AUGUSTA — The LePage administration is proposing a $530,000 school voucher program for low-income students to pay some of the transportation, tuition and residential costs of a non-religious private school or a public school in another district.
The program was included in the materials that DOE officials distributed Monday at a briefing for the Legislature’s Education Committee on education spending in the governor’s proposed $6.2 billion for the next biennium. The program was not discussed during the committee briefing, and it was unclear how the department would allocate the funds.
A DOE spokesman, David Connerty-Marin, said no one from the department would be available for comment on the proposal. But some legislators voiced immediate concerns.
“This is a vehicle to implement a voucher program without having an earnest conversation about it,” said Rep. Matthea Daughtry, D-Brunswick, who blasted the proposal and said it should have been introduced as its own bill, not included in LePage’s proposed budget.
The costs would be paid from the Choice and Opportunity Fund, an existing $530,000 fund that had been previously earmarked for a school that is now one of the state’s first charter schools, the Maine Academy of Natural Sciences at Good Will-Hinckley in Fairfield.
It would apply to students who qualify for free and reduced lunch under federal law, which in Maine is 44 percent of all students, or 84,000 students out of 189,000.
The head of the state teachers union questioned whether it was the best use of scarce funds for education.
“There isn’t money for the day-to-day costs of school. There isn’t money for retirement costs. But there is money for new programs that someone has decided take precedence,” said Lois Kilby-Chesley, president of the Maine Educators Association, which represents teachers. “These are pet projects. … The money is just being shifted around.”
According to the budget proposal, the commissioner “may” reimburse low-income families for:
• Some portion of transportation costs for students transferred from one school district to another. Currently those transfers must be approved through superintendent agreements or by the state education commissioner.
• The tuition and transportation costs to attend an approved private school or public school outside the student’s district. This would include town academies such as Thornton Academy or private schools like Waynflete School in Portland, for example, but not religious schools.
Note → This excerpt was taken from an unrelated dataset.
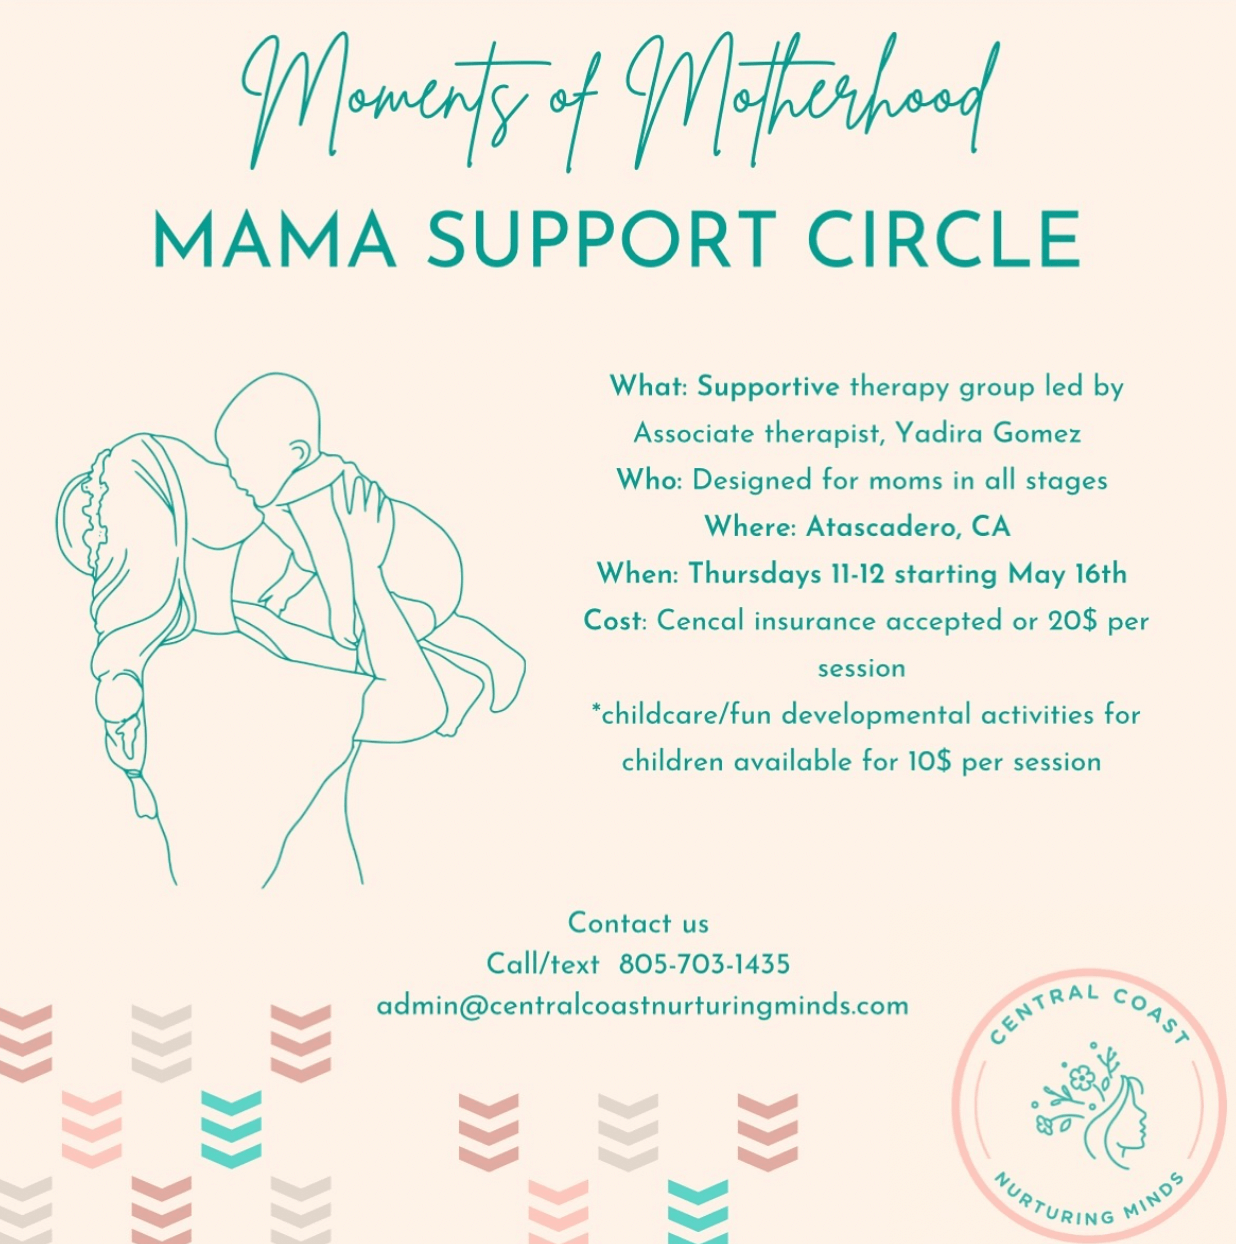 Moments of Motherhood: Mama Support Circle image
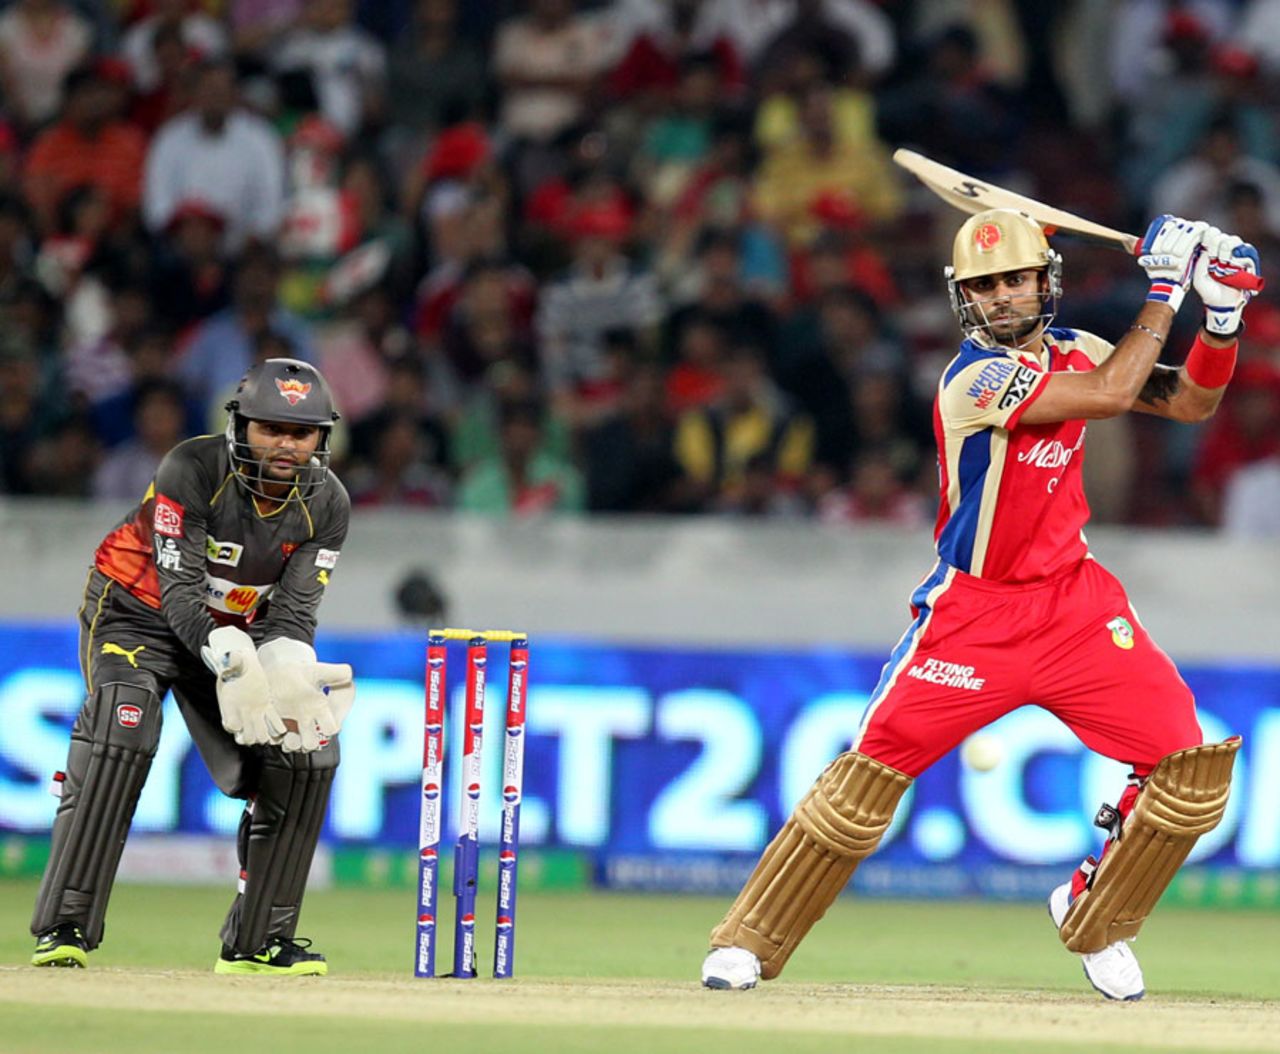 Virat Kohli hits square, Sunrisers Hyderabad v Royal Challengers Bangalore, IPL, Hyderabad, April 7, 2013

• Cost of residential services at a residential public charter school. The only residential charter school in the state is the Maine Academy of Natural Sciences in Fairfield.
Daughtry said financing is a concern, too.
“We have to be very careful where we allocate our funds right now,” Daughtry said.
Too often, she said, each legislative session brings lots of ideas that she described as “bright shiny toys” — new educational initiatives that are exciting, but lack funding or take money away from bread-and-butter needs at the district level.
Her Republican colleague, Michael McClellan, of Raymond, agreed. He said he supports voucher programs, but there are budgetary concerns.
“You have to really think about it,” McClellan said, noting that his district already has school choice and would pay tuition at other schools. “The problem is, we have got great public schools, but we legislators keep piling on (new mandates).”
There are 12 states plus the District of Columbia with school voucher programs, according to the National Conference of State Legislatures. Of those, four states plus D.C. offer them to low-income students or students from failing schools.
In 1989, the Wisconsin legislature passed the nation’s first modern school voucher program. In 2011, Indiana created the nation’s first statewide school voucher program for low-income students.
Under current Maine law, a school district that doesn’t have its own schools, or a contract with a nearby district, already pays the tuition for students to attend a public or approved private school. It was unclear Monday if the proposed fund could offset those local costs.
Other lawmakers agreed they needed to discuss the issue.
“For years I’ve strongly opposed vouchers. I think it weakens the commitment to our public schools,” said Rep. Brian Hubbell, D-Bar Harbor. “At what point are you actually signaling a lack of support for public education?”